Please note! The following new computer viruses
have been detected. Please be alert for them when
you scan your computers.
OPRAH WINFREY VIRUS: Your 200MB hard drive
suddenly shrinks to 80MB, and then slowly
expands back to 200MB.
POLITICALLY CORRECT VIRUS: Never calls itself
a "virus", but instead refers to itself as an
"electronic microorganism."
PEACE CORPS VIRUS: Toughest virus you'll ever love.
AT&T VIRUS: Every three minutes it tells you
what great service you are getting.
MCI VIRUS: Every three minutes it reminds you
that you're paying too much for the AT&T virus.

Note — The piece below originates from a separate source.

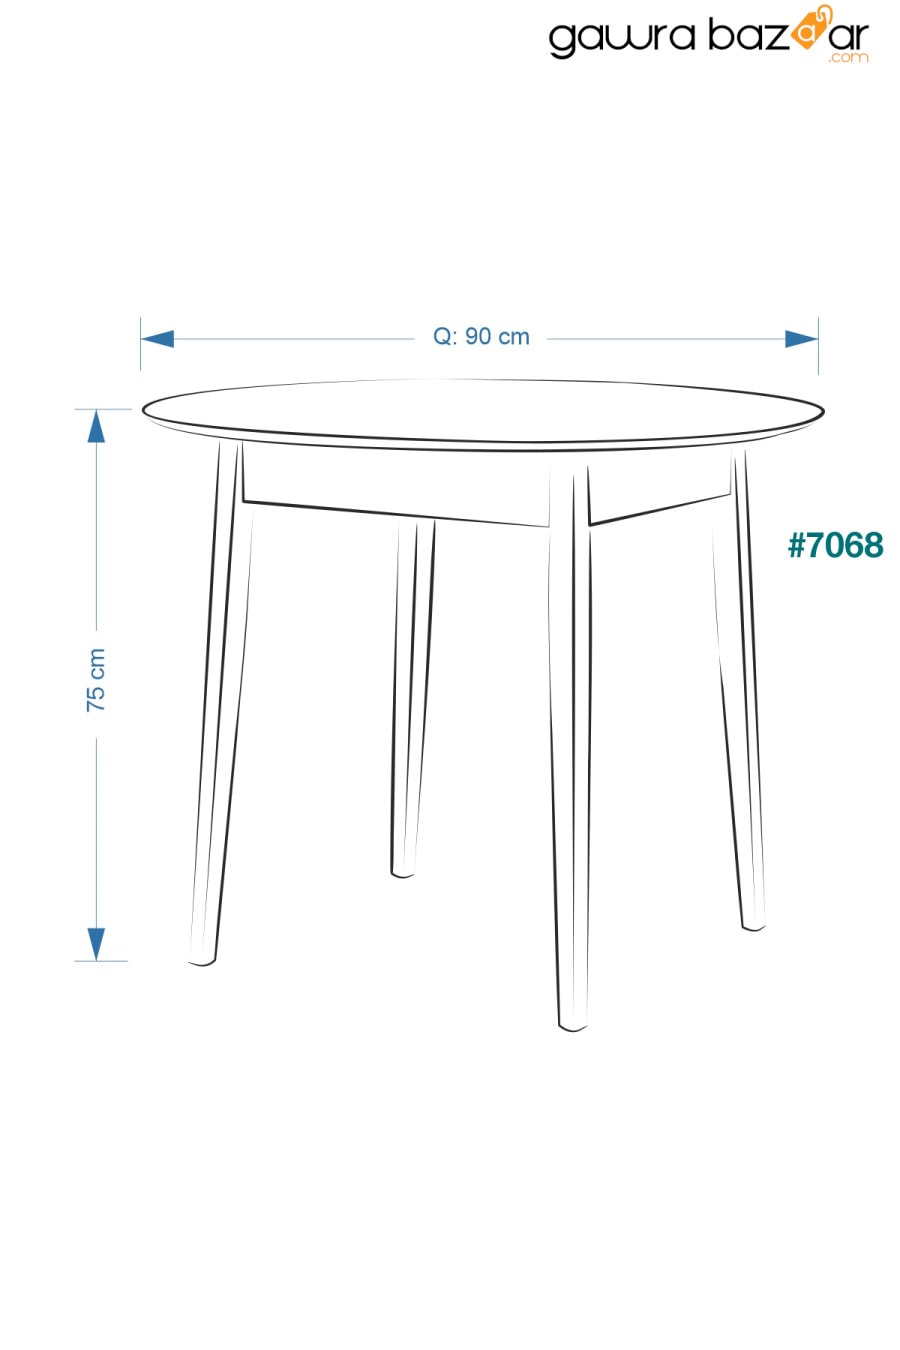 طاولة مطبخ مستديرة بيضاء طبيعية من افانوس - Q90 سم VİLİNZE 3

PAUL REVERE VIRUS: This revolutionary virus
does not horse around. It warns you of
impending hard disk attack---once if by LAN,
twice if by C:>.
BILL CLINTON VIRUS: Promises to save your
disk, then once installed, does what all of the
other viruses tell it to do and ignores its
installer.
GEORGE BUSH VIRUS: It starts by boldly
stating, "Read my docs....No new files!" on the
screen. It proceeds to fill up all the free
space on your hard drive with new files.
AL GORE VIRUS: Undistinguishable from the
directory tree.
MARIO CUOMO VIRUS: It would be a great virus,
but it refuses to run.
TED TURNER VIRUS: Colorizes your monochrome monitor.
ARNOLD SCHWARZENEGGER VIRUS: Terminates and
stays resident. It'll be back.
DAN QUAYLE VIRUS: Prevents your system from
spawning any child process without joining into
a binary network.
GOVERNMENT ECONOMIST VIRUS: Nothing works, but
all your diagnostic software says everything is fine.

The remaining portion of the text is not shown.